L'avance préoccupante de la Chine 

«Les républicains essaient de faire de Solyndra le symbole du gaspillage de l'État» et «le bâton avec lequel frapper les énergies renouvelables», dénonce l'économiste Paul Krugman, qui conseille ­Barack Obama. Mais on «tire les mauvaises conclusions», écrit-il dans le New York Times, expliquant que Solyndra s'est effondrée sous l'effet de la compétition des panneaux solaires chinois, qui ont cassé les prix du marché - notamment parce qu'ils bénéficient d'aides publiques colossales. «Blâmons notre système politique, où les producteurs d'énergies fossiles ont des alliés puissants et une machine de propagande redoutable, qui dénigre toute alternative», poursuit Krugman.

Sur la même longueur d'onde, la responsable climat au German Marshall Fund, Kathleen Kelly, voit l'affaire Solyndra comme «une distraction désolante», qui empêche de se pencher sur «la question des indispensables subsides dont a besoin le secteur pour décoller». Ces attaques sont «purement politiques et liées à la campagne, insiste-t-elle. C'est d'autant plus navrant que dans le passé, le dossier des énergies vertes a été un sujet de coopération bipartisane. Mais aujourd'hui, même les élus qui soutenaient les projets liés au changement climatique dégainent», dit Kelly. La chercheuse espère qu'une fois l'élection passée, le Congrès pourra revenir à un mode de fonctionnement plus consensuel. Les experts affirment qu'il est grand temps car la Chine, où les impulsions sont fixées au sommet de manière autoritaire, prend une avance préoccupante en matière d'investissements dans les énergies renouvelables.
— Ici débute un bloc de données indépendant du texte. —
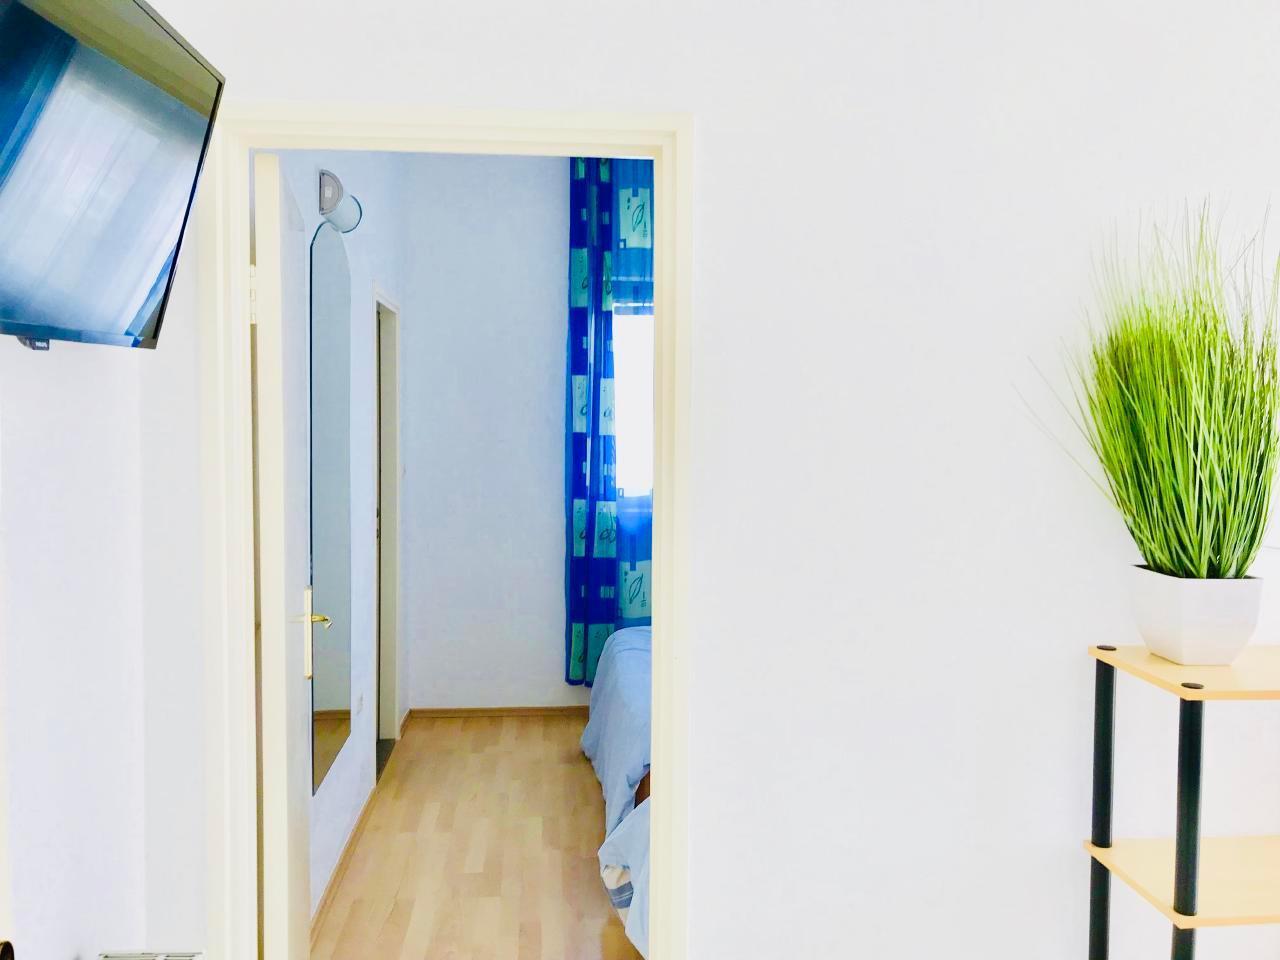 Ferienwohnung Apartmenthaus Ruza 7 - Studio (98388), Kaštel Štafilić, , Dalmatien, Kroatien, Bild 5

«C'est le paradoxe de la situation actuelle, dit l'ancien responsable du ministère de l'Énergie. Nous restons très en avance dans la recherche fondamentale. Les Chinois viennent ici, puis ils repartent et commercialisent ces technologies tandis que nous piétinons dans des batailles stupides. C'est que, contrairement aux Chinois, aux Allemands ou même aux Mexicains, nous n'avons toujours pas de vision, de consensus national sur la direction où nous voulons aller.» Il est vrai qu'un consensus est difficile quand la plupart des candidats républicains continuent de nier farouchement la réalité du changement climatique. Sur les neufs rivaux potentiels d'Obama, seuls Jon Huntsman et Mitt Romney ont osé dire ouvertement qu'ils y croyaient.